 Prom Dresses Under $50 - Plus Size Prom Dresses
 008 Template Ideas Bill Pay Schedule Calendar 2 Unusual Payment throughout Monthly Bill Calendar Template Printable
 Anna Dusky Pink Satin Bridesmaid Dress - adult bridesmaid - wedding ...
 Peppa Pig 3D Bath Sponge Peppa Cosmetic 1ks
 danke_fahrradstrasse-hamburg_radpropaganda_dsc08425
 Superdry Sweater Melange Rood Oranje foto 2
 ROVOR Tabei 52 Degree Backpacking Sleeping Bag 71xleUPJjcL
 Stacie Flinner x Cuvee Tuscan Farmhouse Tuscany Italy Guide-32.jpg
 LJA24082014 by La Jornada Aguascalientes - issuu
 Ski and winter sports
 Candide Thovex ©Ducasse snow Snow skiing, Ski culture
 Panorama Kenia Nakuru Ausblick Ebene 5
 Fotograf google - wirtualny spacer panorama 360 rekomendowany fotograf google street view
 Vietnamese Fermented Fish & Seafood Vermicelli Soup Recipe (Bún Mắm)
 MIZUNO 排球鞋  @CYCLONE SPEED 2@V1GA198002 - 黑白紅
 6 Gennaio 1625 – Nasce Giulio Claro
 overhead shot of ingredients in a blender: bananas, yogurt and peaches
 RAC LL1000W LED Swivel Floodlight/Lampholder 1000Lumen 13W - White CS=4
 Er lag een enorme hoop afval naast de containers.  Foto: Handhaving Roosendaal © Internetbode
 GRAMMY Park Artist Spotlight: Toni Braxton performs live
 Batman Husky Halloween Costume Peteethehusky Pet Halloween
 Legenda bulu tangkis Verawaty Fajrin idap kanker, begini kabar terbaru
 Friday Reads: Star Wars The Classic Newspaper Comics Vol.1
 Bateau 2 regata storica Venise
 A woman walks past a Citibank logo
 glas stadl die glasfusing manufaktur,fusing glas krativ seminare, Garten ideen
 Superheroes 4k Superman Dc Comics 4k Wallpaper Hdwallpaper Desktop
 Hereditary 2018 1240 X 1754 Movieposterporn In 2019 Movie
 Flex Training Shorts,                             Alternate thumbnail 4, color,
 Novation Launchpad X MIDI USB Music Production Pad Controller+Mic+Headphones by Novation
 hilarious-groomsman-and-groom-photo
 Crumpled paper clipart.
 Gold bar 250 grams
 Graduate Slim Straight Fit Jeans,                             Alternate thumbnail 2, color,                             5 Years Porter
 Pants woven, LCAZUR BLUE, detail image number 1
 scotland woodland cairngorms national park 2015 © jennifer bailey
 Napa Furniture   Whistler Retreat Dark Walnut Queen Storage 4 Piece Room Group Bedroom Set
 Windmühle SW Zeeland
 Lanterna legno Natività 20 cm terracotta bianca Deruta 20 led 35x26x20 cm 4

────────────────────

- **WHAT IS EXPECTED**: Show the lines above that have the word "color".

- **RESPONSE TO THIS TASK**:
 Flex Training Shorts,                             Alternate thumbnail 4, color,
 Graduate Slim Straight Fit Jeans,                             Alternate thumbnail 2, color,                             5 Years Porter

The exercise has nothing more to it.